28 May 2015

Audio as a low-bandwidth authentic channel

Consider any of the following problems:

We have a widget that we’d like to set up using a smartphone. The widget doesn’t have any user interface, and adding one is inappropriate (say, it’s a light bulb).
I have an iPad and an Android phone. I want to send a small amount of information between the two.
I have two devices of any kind in close proximity. I’d like them to agree on a secret without relying on anything other than their proximity.

I think audio is an excellent, underused choice for solving problems like this: it provides an authentic, low-bandwidth channel. And users can intuitively understand that it does not provide confidentiality!

Human intuition

Humans, in general, have an excellent intuition when it comes to evaluating the secrecy and authenticity of audio: everyday conversation involves making judgements along these lines. We also have a good ability to determine the source of most sounds in the audible range.

You only need to watch someone trying to get a better Wifi signal to know that this kind of understanding is missing with RF media. To the average user RF is supernatural, and the Wifi gods are quick to anger.

Most attacks on network security protocols (eavesdropping, man-in-the-middle, replay, etc.) can be explained to the layperson by performing them using human conversation. We can make use of this intuition to somewhat relieve worries about attacks on protocols using audio.

Cross-platform support

Every phone, tablet and laptop has a good quality microphone and speaker. Software interfaces to these peripherals are widely available, across operating systems and application platforms. Even web browsers can synthesise and record audio these days.

Peripheral cost and simplicity

For embedded devices, audio peripherals are cheaper than RF. Using a digital MEMS microphone means minimal additional circuitry. Failing that, your microcontroller likely has a ADC that can be pressed into service.

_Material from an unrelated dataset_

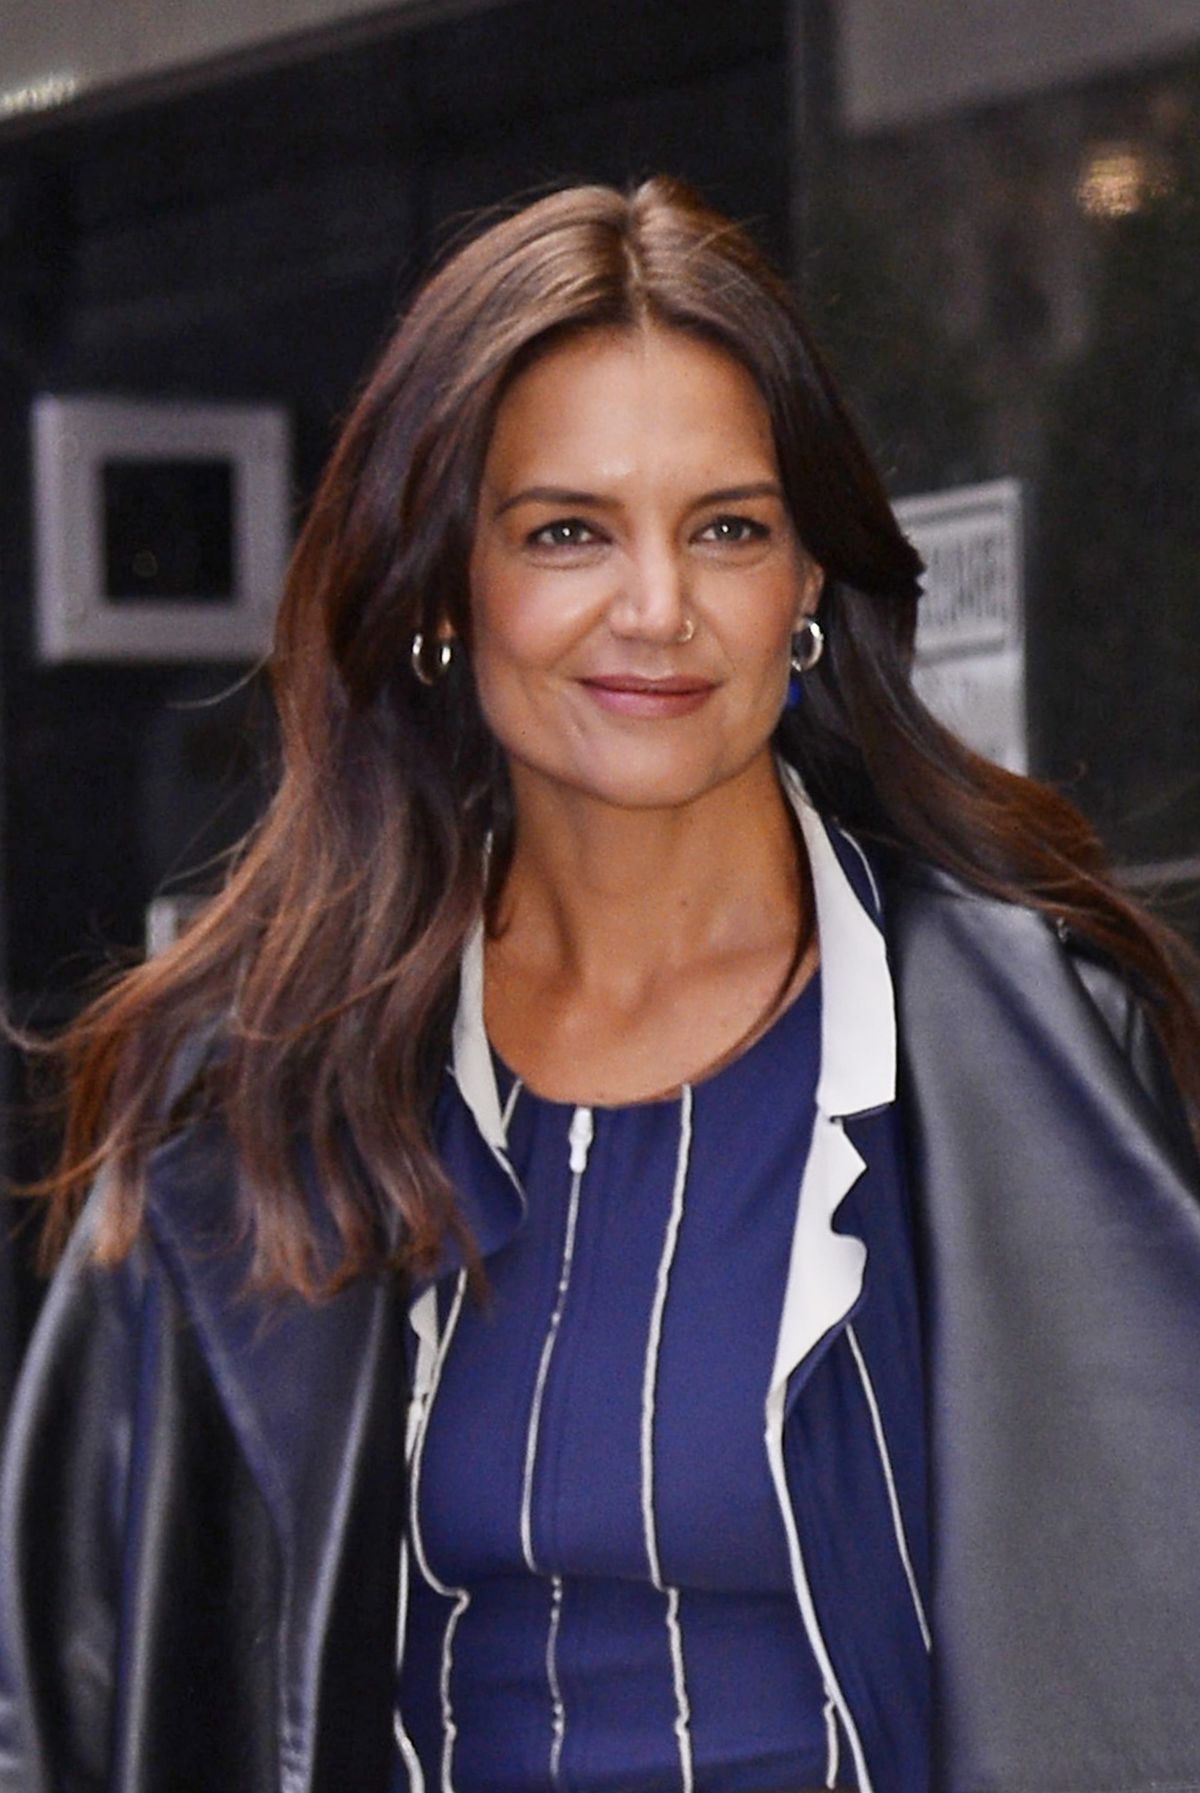 KATIE HOLMES Promotes Her New offBroadway play The Wanderers in New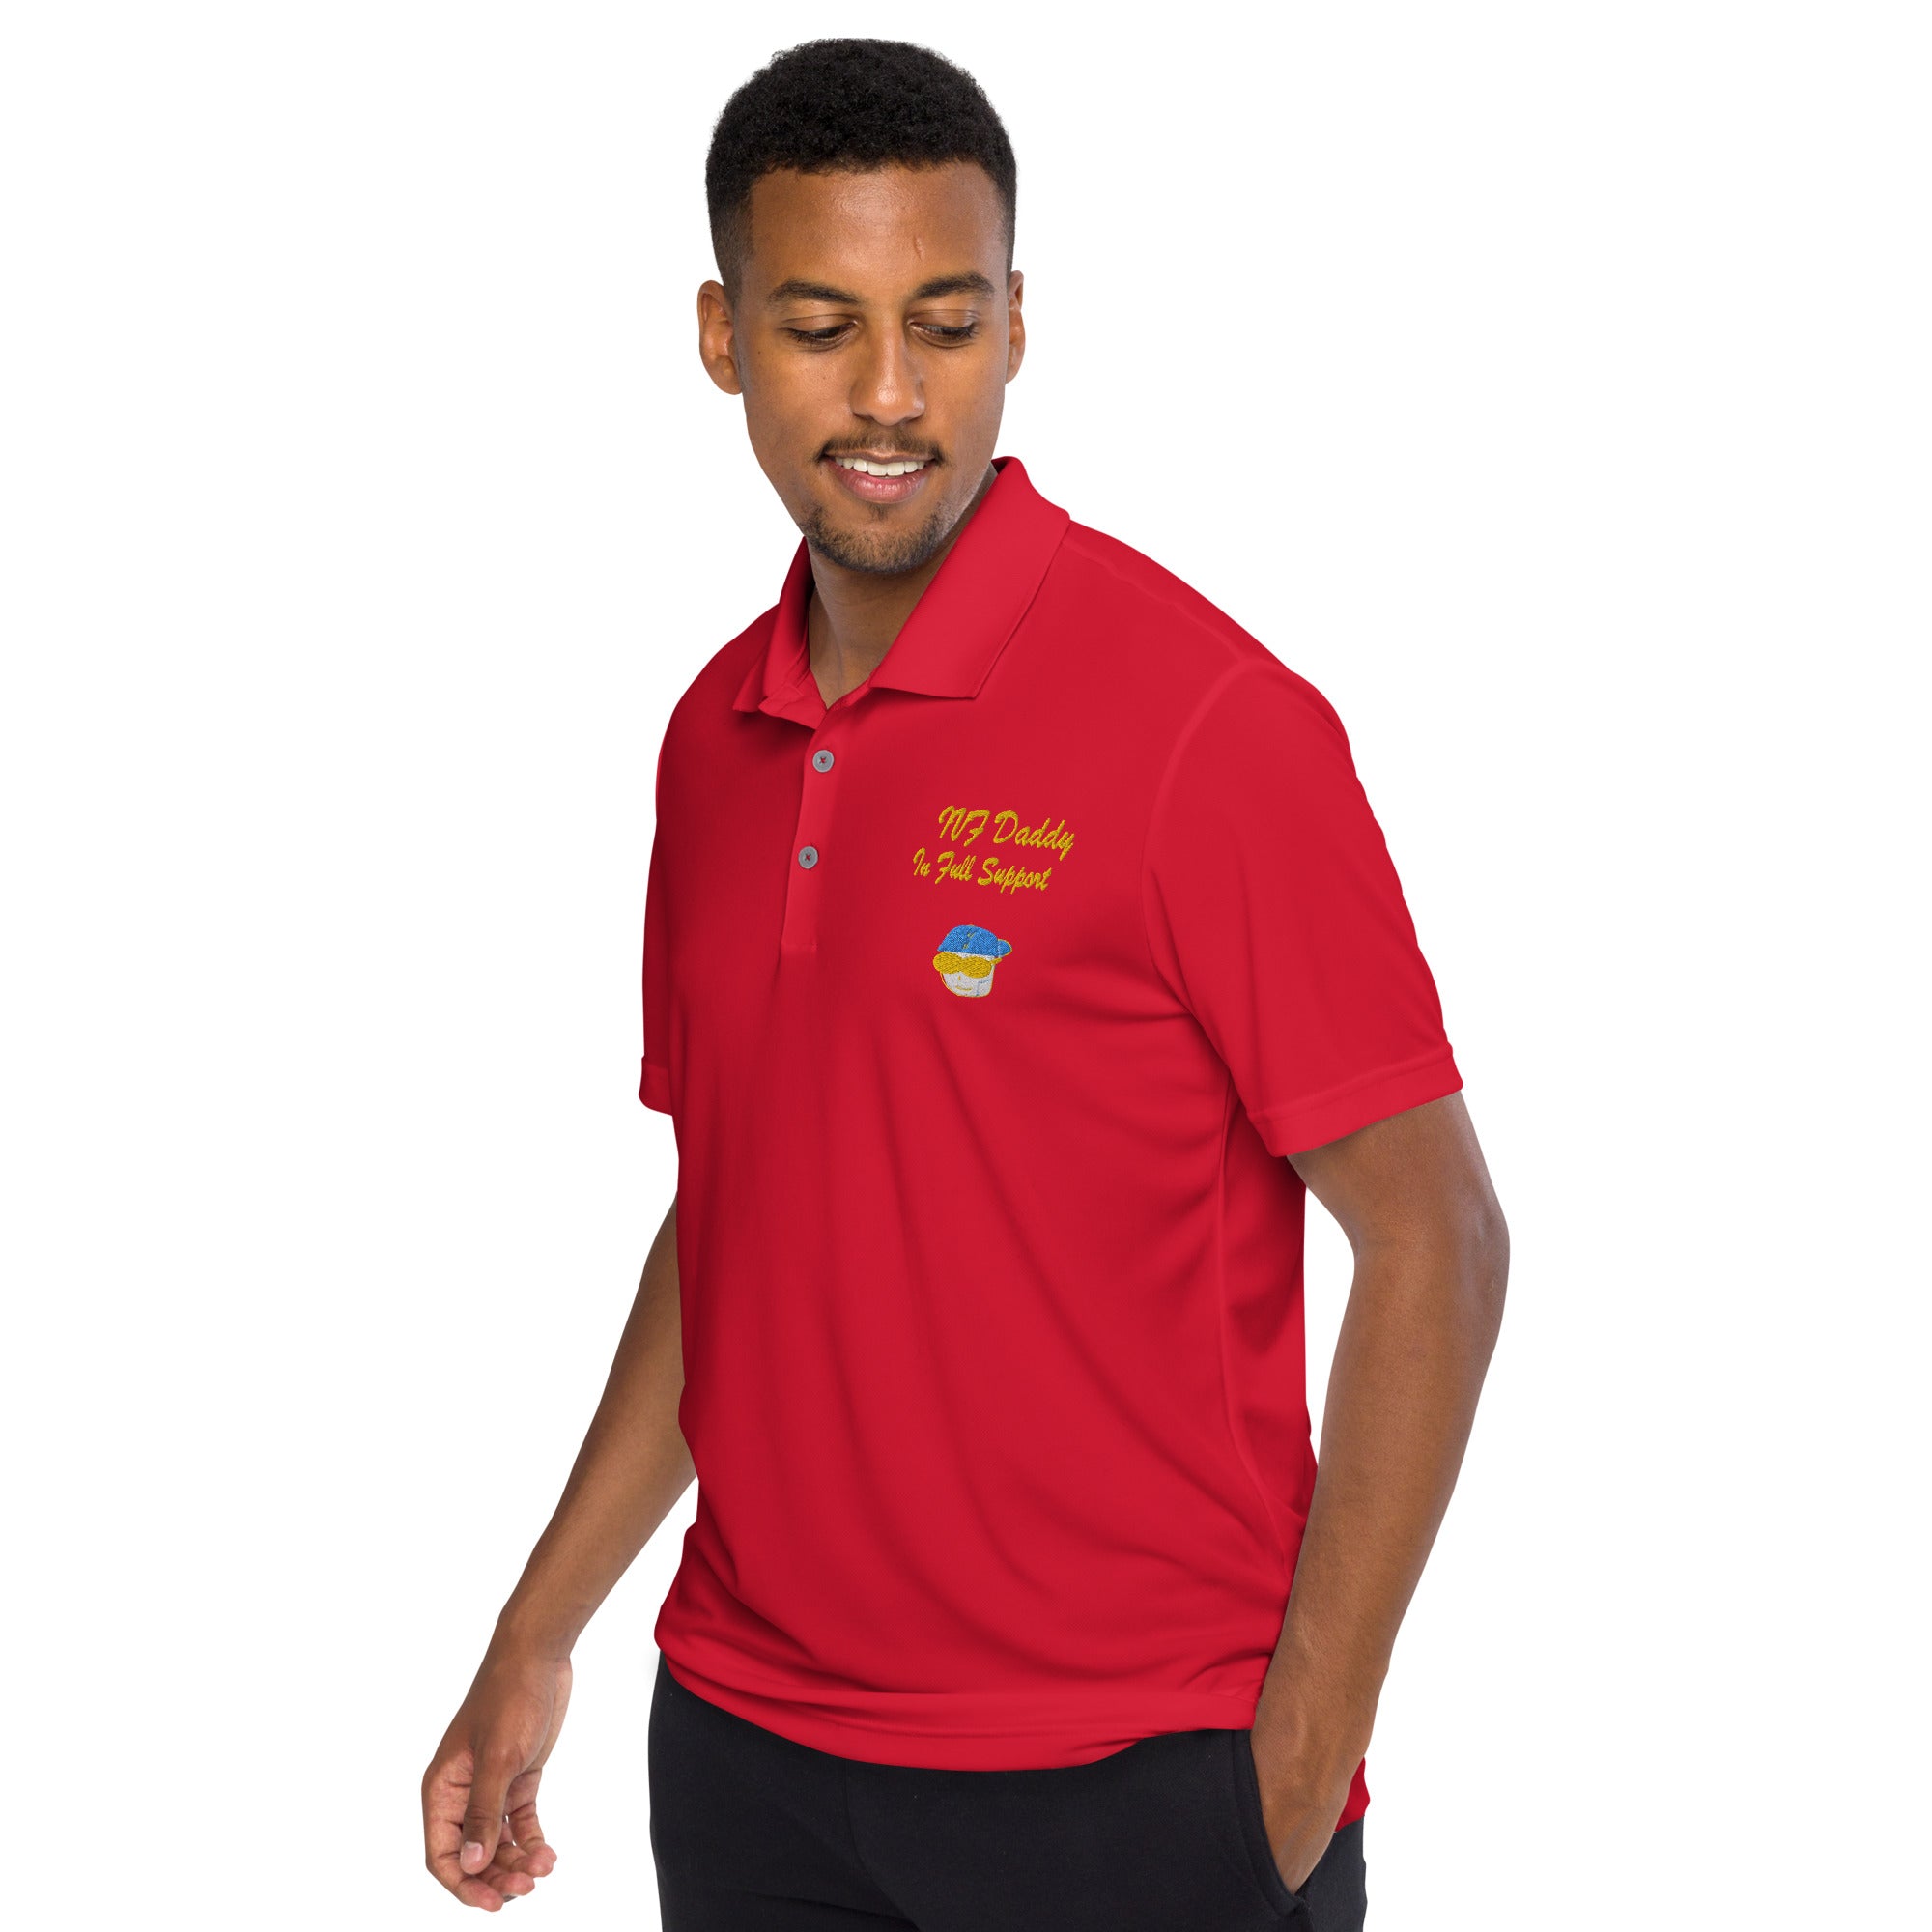 IVF Daddy"s IVF shirt performance polo shirt - Young Hugs

Choose your audio codec carefully and you might be able to bit-bang a transducer and avoid needing a DAC.

In comparison, Bluetooth LE is fiercely complicated, closed and relatively expensive. Wifi and full-fat Bluetooth are even more complex and expensive, and power hungry. Add to that: Wifi and Bluetooth don’t actually work between smartphone platforms, and BLE drivers on Android devices are unusably buggy trash.

Snags

Unfortunately, there are some problems:

Environmental noise and non-linearity

Successful audio communications protocols need to be robust against echoes, non-linear transducer frequency response, environmental noise, etc. Careful choice of encoding and modulation will fix some of these, use of error-correcting codes will fix others. All this has an impact on the bitrate you can reliably achieve.

Hearing loss

About 10% of the population have some degree of hearing loss. This means any intuitions we might rely on to detect attacks on audio communications are not going to be available. In effect, people with hearing loss will be in the same position as if we used RF.

Disruption

Over-use of the audio channel will quickly become annoying. Use in some settings will be inappropriate (silent carriage on a train, or the bedroom) or impossible (high industrial noise).

For longer exchanges, we perhaps could determine the highest usable frequency and hop to it. If we’re lucky, this could be above the audible range. However: your dog will be annoyed and you lose user understanding.